What has changed in less than five weeks? Medical advances, fan blows, political pressure, and the successful start of the college football season elsewhere, especially in leagues like ACC, have merged. Sources said the daily quick test that led to the successful launch of the NFL will be used during the Big Ten and will be a key part of the league’s announcements as to why it is moving forward.
In a COPC invitation on Sunday, sources at Yahoo Sports said three different leagues for the league’s return to the competition team – medicine, schedule and television – had been officially presented to all 14 of the G8 presidents and chancellors. The most important medical voice was Ohio State Chief Physician Dr. Jim Borchers, Chairman of the Return to Competition Team. The presentation is said to have been comprehensive and set out a clear account of why the league was more prepared to play than on 11 August.
“Everyone in the top ten should be very proud of the innovative steps that are now being taken to better protect the health and safety of students who play sports and the surrounding communities,” Borchers said in a conference report.
“The data we intend to collect from the Research and Heart Registry will be a significant contribution to all 14 Big Ten institutions as they research COVID-19 and try to mitigate the spread of the disease among wider communities.”
The league decided to go back in steps. An important step was to lay the foundation for Sunday’s meeting on Saturday. Eight presidents and chancellors of the league – a group called the Steering Committee for Returning to the Competition Working Group – have heard a report on medical progress since the first Big Ten vote. They agreed to put 14 presidents and chancellors to the vote.
The Big Ten is expected to reveal new information about myocarditis selection, along with daily rapid testing and ways to ease contract searches, and the league can safely test for myocarditis after positive tests.
The question now is about the ability of schools to prepare their team to play.

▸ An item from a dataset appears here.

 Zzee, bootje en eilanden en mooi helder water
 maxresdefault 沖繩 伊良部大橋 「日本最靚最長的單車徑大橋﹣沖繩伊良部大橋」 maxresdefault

Physically preparing for the season is what makes it very difficult for Big Ten coaches. One of the league’s schools, Wisconsin, has been suspended due to COVID-19 issues. Two more schools, Maryland and Iowa, have just returned from a break.
How quickly these schools could be ready to play was a threatening question, especially when the league tried to return to participate in the College football playoffs. Wisconsin sports director Barry Alvarez said Wisconsin should be ready to play, even if they don’t start practicing again by Sept. 24, as scheduled.
“[Coach Paul Chryst] “I’m on the same page,” Alvarez told Yahoo Sports on Saturday night. “We can prepare our guys. We could prepare the team in three weeks. We feel comfortable. “
The big ten reached a point when they discussed return. Following Warren’s ruling on August 11th. And immediately after the poor arguments, the Big Ten offices were silent for more than a week. Warren then said the decision would not be reviewed after eight days.
Around that time, the pressure started from all sides – players, parents, coaches, sports directors, fans, television partners and politicians. Many felt the Top Ten was in a hurry to make a decision, especially with a nimble schedule that would allow them to recover games and even cancel all weeks to accommodate the seasonal COVID-19-related disruptions.
After a month – and after a lot of waiting – the Big Ten is back on track.